Spectra tell us so much information. For one, we can use the spectra to find the redshift of the source. Do you see those vertical dashed lines in the 1D-spectra above? Those lines occur at a fixed wavelength and we can measure how far off those emission lines are from where they are from the rest frame. By using the equation below we can get the redshift. 

$z = \lambda_{obs}/\lambda_{rest} - 1$

$\lambda_{obs}$ is the observed wavelength of the emission line. $\lambda_{rest}$ is the rest frame wavelength of an emission lines, typically these rest frame values are computed in a laboratory and are super accurate. We recommend you look at this [page](http://astronomy.nmsu.edu/drewski/tableofemissionlines.html) to get a sense of all the emission lines people have found in astrophysical objects.

2. Astrophysical Properties

The strength of those emission lines can give us insight into the properties of the astrophysical source we are looking at. By measuring the flux of lines across the spectra and by using certain equations we can get relevant properties like; metallicity, ionization parameter, dust content, star formation rate (SFR for short), and more. 

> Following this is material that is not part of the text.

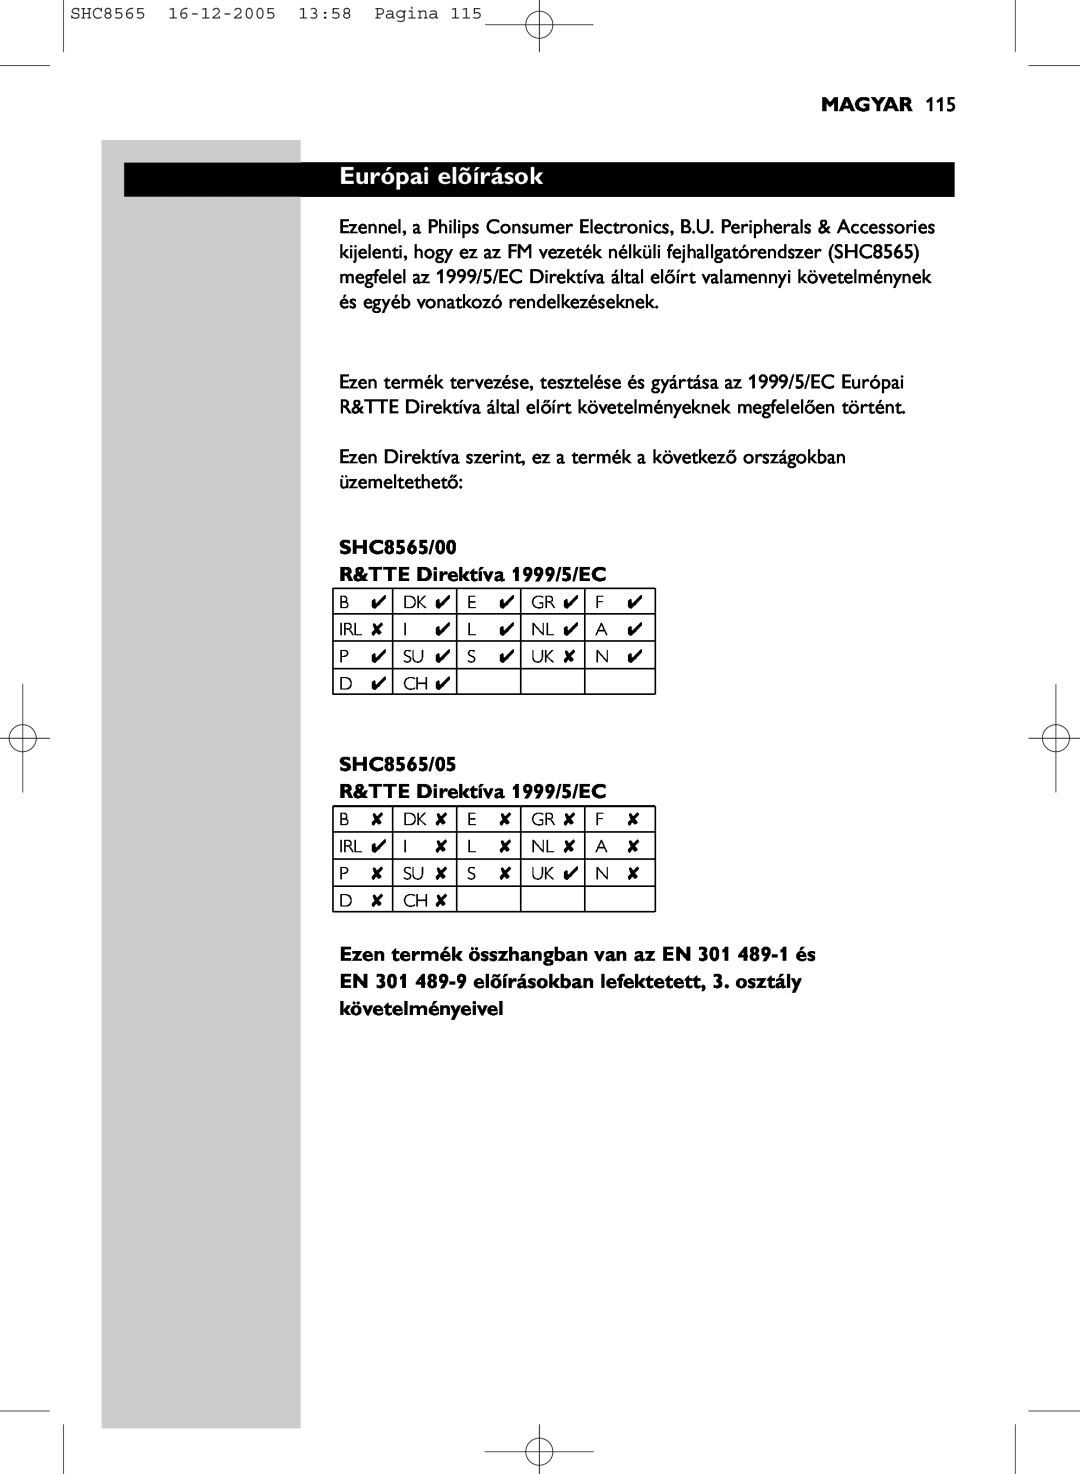 Philips manual Európai elõírások, Magyar, SHC8565/00 R&TTE Direktíva 1999/5/EC, SHC8565/05 R&TTE Direktíva 1999/5/EC

The way that we measure the flux of an emission line is by fitting the line to a Gaussian Model as emission lines are really well modeled by a Gaussian. The integral of this Gaussian will tell you the integrated flux of this line. Depending on the line you can measure properties from this single line alone or you would need to measure other lines and and use line ratios to back out physical properties. We cover in this notebook how to fit an emission line to a Gaussian Model using curve_fit and in part 2 and 3 how we can use a Bayesian model to perform the fitting. 

# A Note on Units

When dealing with spectra they will most likely come in one of two flux units: $F_{\nu}$ or $F_{\lambda}$. The units for each of these differ slightly where in $F_{\nu}$ the base cgs unit is $erg/s/cm^2/Hz$, other units are scaled versions of this base unit such as a Jansky (Jy for short) which is 1 $\times$ $10^{-23}$ $erg/s/cm^2/Hz$. The typical fluxes observed in distant galaxies are of order $10^{-30}$ - $10^{-26}$ for $erg/s/cm^2/Hz$. 

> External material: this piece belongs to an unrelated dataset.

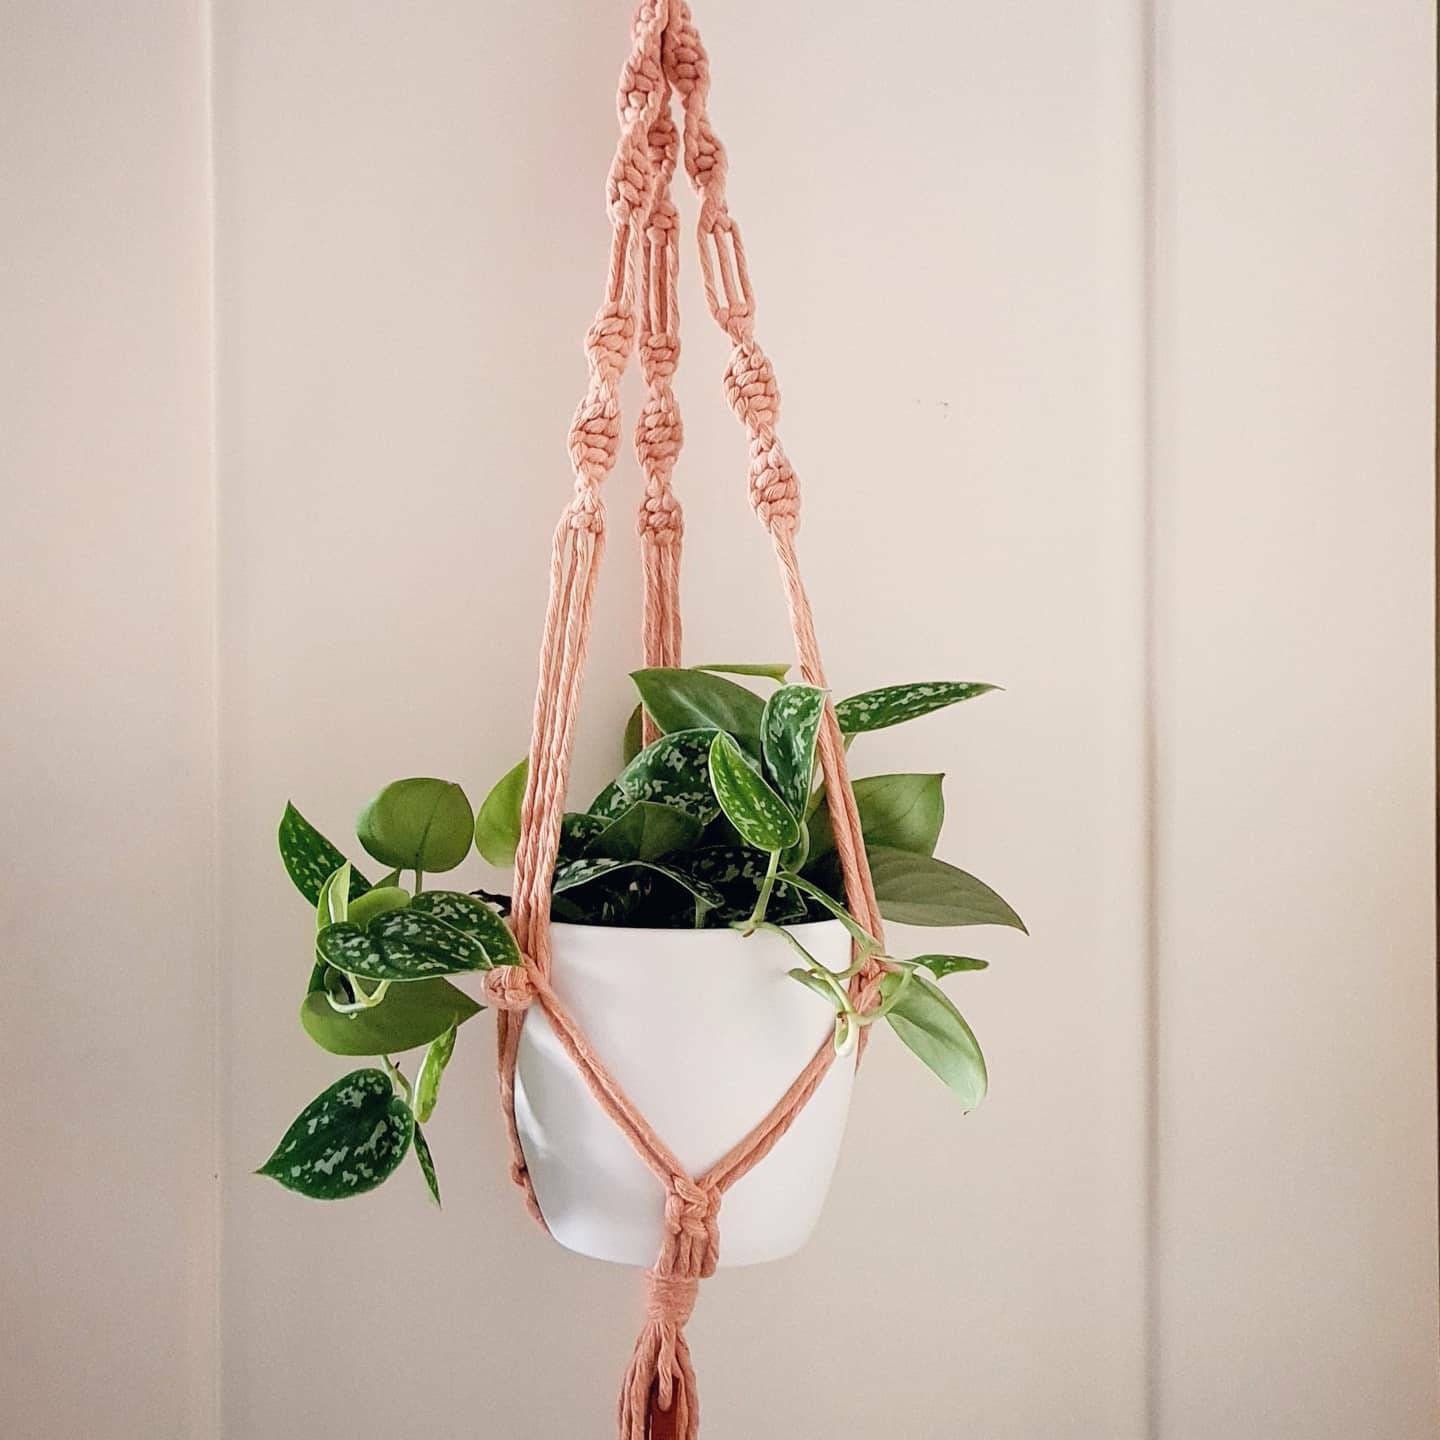 Macrame Plant Hanger Kit - Make Your Own Diy Knotted Plant Holder

In $F_{\lambda}$, the base cgs unit is $erg/s/cm^2/\AA$. The typical fluxes observed in distant galaxies in these units are of order $10^{-21}$ - $10^{-16}$ in $erg/s/cm^2/\AA$. 

## Converting Between the Two

One of the things we will be working on in this notebook, and whenever you are dealing with spectra, is measuring the flux of a source for that we need the units to be in units of $erg/s/cm^2$. This means that if you are measuring fluxes, you will need to be careful about the units of the spectrum you are fitting. If you have a spectrum that is in $F_{\nu}$ and you need to get to $F_{\lambda}$ the way to do that is to apply the following equation:

   $ F_{\lambda} = \frac{c}{\lambda^2} F_{\nu}$

   Where $F_{\nu}$ is in $erg/s/cm^2/Hz$, c is the speed of light in Angstroms/second, and $\lambda$ is in Angstroms. 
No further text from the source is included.